Implemented computer vision pipelines using TensorFlow, PyTorch, and OpenCV with deep learning and transfer learning for document verification and identity authentication, processing datasets through data augmentation while integrating CI/CD pipelines using Jenkins and GitHub Actions
Deployed NLP solutions using Hugging Face Transformers, BERT, and spaCy with Amazon SageMaker for customer service automation and chatbots, enabling cross-functional collaboration across analysts through distributed training and neural network optimization
Optimized neural network training using Python parallel processing on Amazon EC2 GPU instances for big data analytics, achieving cost reduction through spot instance management and infrastructure automation using Terraform and CloudFormation
Enhanced machine learning workflows using Apache Spark and PySpark for feature engineering and large-scale model training, handling distributed computing across time series data and structured datasets with Apache Airflow orchestration for financial forecasting
Designed recommendation systems using collaborative filtering and deep learning embeddings for personalized Healthcare products, achieving engagement improvement
Implemented automated model monitoring using MLflow, Amazon CloudWatch, and Datadog for drift detection across production models, ensuring regulatory compliance including SOX and GDPR through statistical testing using SPSS, SAS, and Stata for performance validation
Built containerized microservices architecture using Docker and Kubernetes for scalable model deployment, implementing auto-scaling and load balancing for high-throughput inference services with REST APIs and GraphQL endpoints
Created data pipelines using Apache Airflow for ETL processes from multiple source systems including PostgreSQL, MongoDB, and Oracle, orchestrating feature engineering workflows and automated data quality validation
Developed time series forecasting models using Prophet, ARIMA, and LSTM networks for market prediction and risk assessment, integrating statistical analysis with ensemble methods for financial risk management applications
Established model governance framework using Git version control and automated testing with Pytest, implementing bias detection and explainable AI practices for ethical AI compliance and regulatory audit requirements
Optimized database performance using PostgreSQL, MongoDB, Oracle, and Teradata for storing model artifacts and metadata, implementing indexing strategies and query optimization with SQL for faster data retrieval and integration with Salesforce and SAP systems
Integrated third-party APIs and REST services for real-time data ingestion using FastAPI, Django, and Spring frameworks, building robust error handling and retry mechanisms with SOAP, SOA, and Message Queues for mission-critical Healthcare systems with cybersecurity protocols and ServiceNow integration
Client: BNY, Pittsburgh, Pennsylvania Aug 2024 – Dec 2024
Generative AI Engineer
Responsibilities:
Developed an enterprise banking predictive analytics platform using machine learning, artificial intelligence, and statistical modeling to analyze credit risk, loan performance, and customer financial behavior across large-scale banking datasets, implementing Python-based survival analysis and deep learning for loan default prediction and credit portfolio optimization with improved accuracy using TensorFlow and scikit-learn; additionally integrated Generative AI and Large Language Models (LLMs) to automate financial report generation, credit risk explanations, and customer insight summarization using RAG-based architectures and transformer models.

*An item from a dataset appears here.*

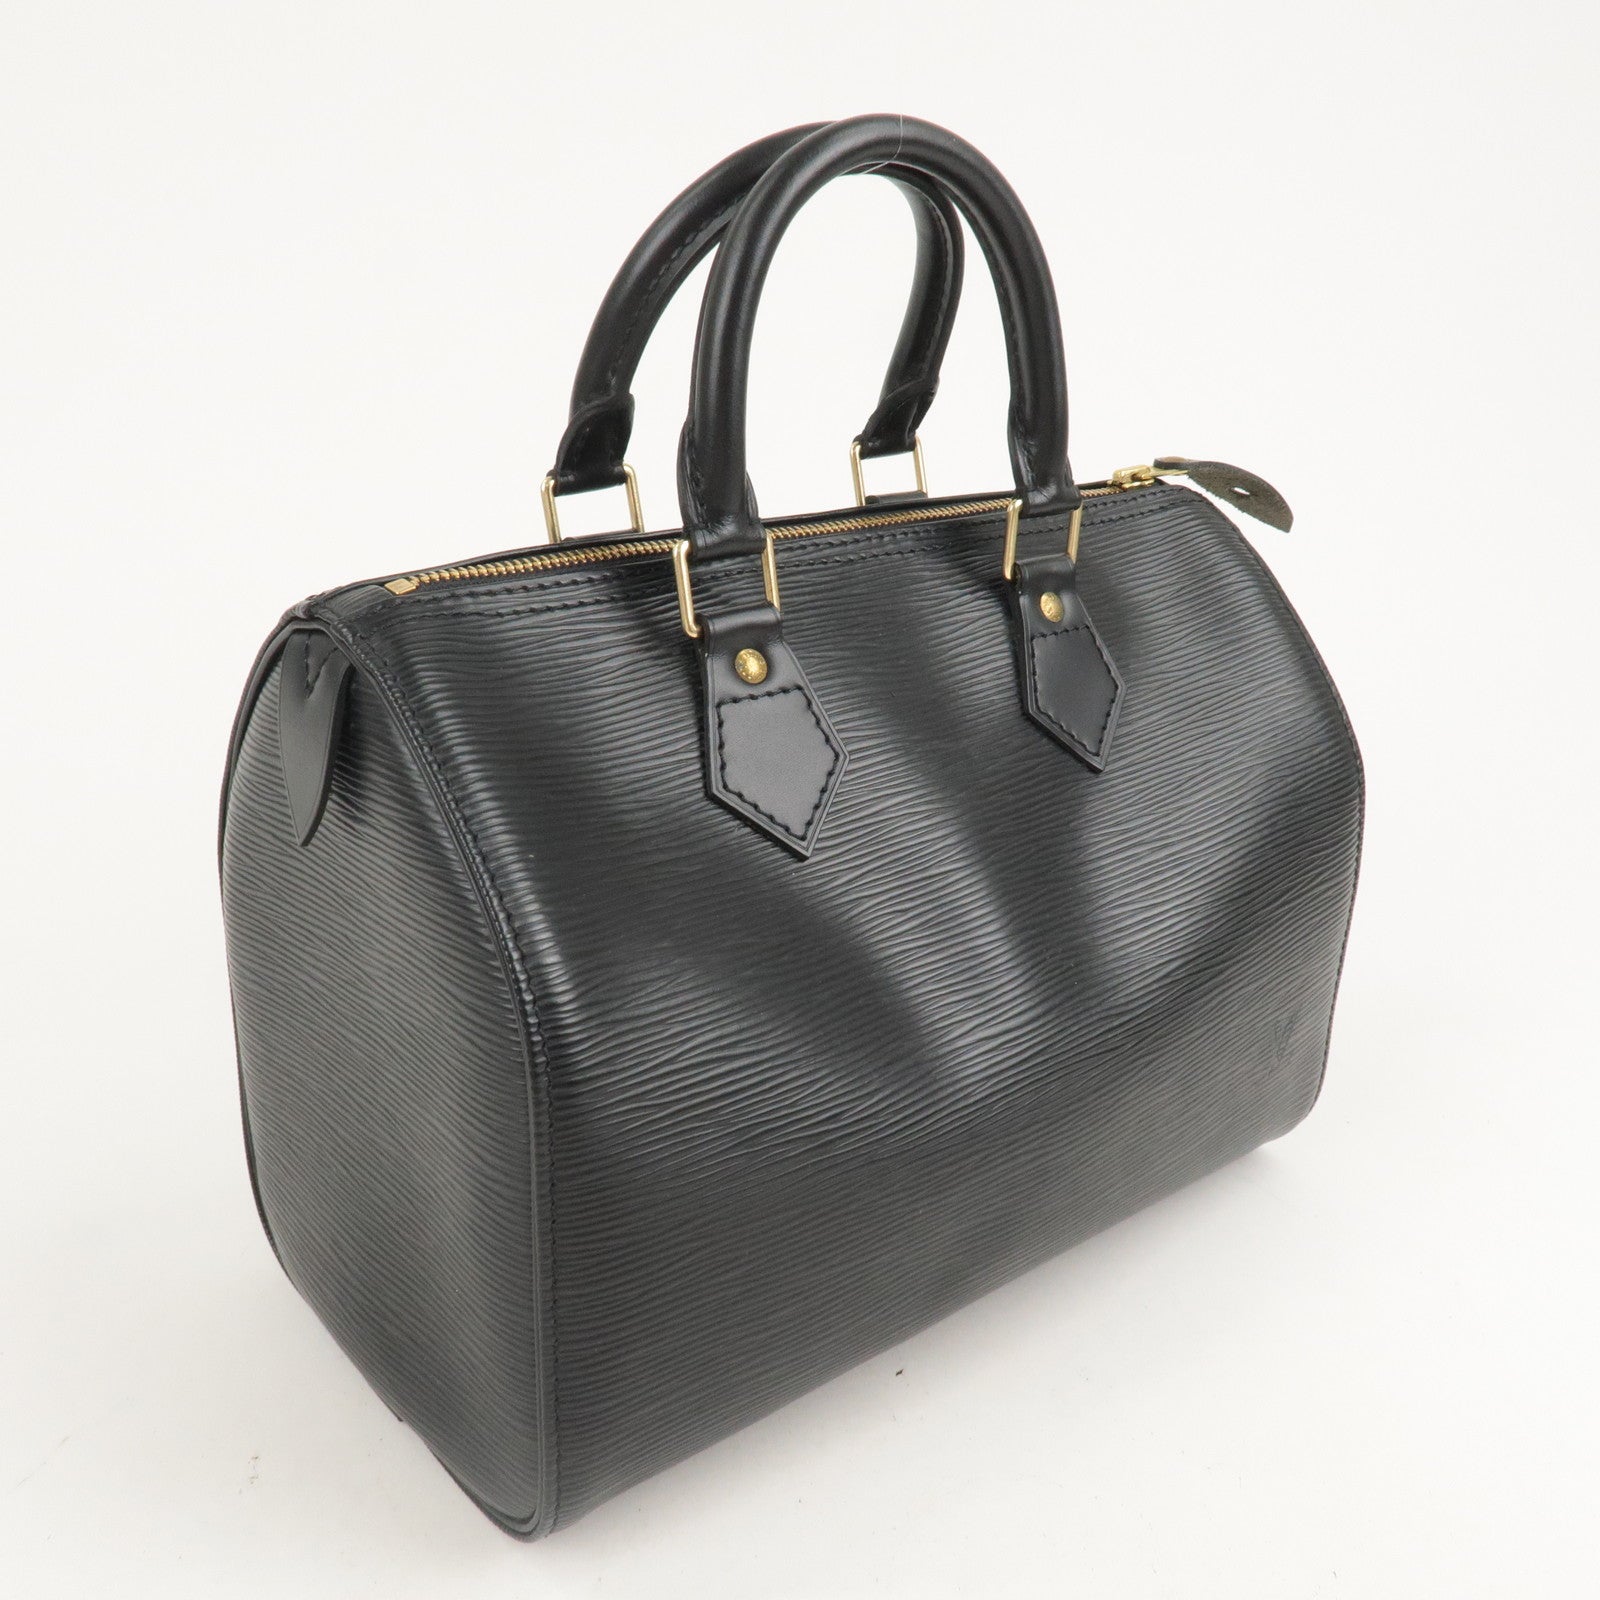 Louis Vuitton Louis Vuitton Epi Speedy 30 Handbag Boston Bag Noir

Built Generative AI–powered financial document intelligence system for banking operations using computer vision, convolutional neural networks, and transfer learning with TensorFlow and PyTorch on check images, financial statements, and document datasets, integrating Large Language Models (LLMs), transformer architectures, and Retrieval-Augmented Generation (RAG) to automate document understanding, contextual summarization, and intelligent data extraction while ensuring regulatory compliance, data governance, encryption, and authentication protocols.
Migrated AI and Generative AI models to production banking systems using scikit-learn, XGBoost, and ensemble methods including random forests, integrating cross-validation and hyperparameter tuning with MLOps pipelines using MLflow and Kubeflow for scalable fraud detection and transaction risk monitoring, while incorporating Large Language Models (LLMs) and transformer-based architectures to generate contextual fraud insights, automated investigation summaries, and AI-driven financial risk explanations.
• Implemented AI and Generative AI–driven financial natural language processing using spaCy, NLTK, and transformer architectures including BERT and GPT for financial document analysis and regulatory reporting, processing financial reports and transaction narratives through named entity recognition and information extraction, while leveraging Large Language Models (LLMs) for automated report summarization, compliance insights, and contextual risk analysis to support financial governance and regulatory monitoring.
Created AI and Generative AI–enhanced time series forecasting models using Prophet, ARIMA, and statistical analysis for predictive analytics on banking transaction and market datasets, achieving improved accuracy through seasonal decomposition and feature engineering with R and Python programming for financial forecasting and liquidity planning, while integrating transformer-based models and Large Language Models (LLMs) to generate automated financial insights, market trend summaries, and scenario-based forecasting explanations for data-driven banking decisions.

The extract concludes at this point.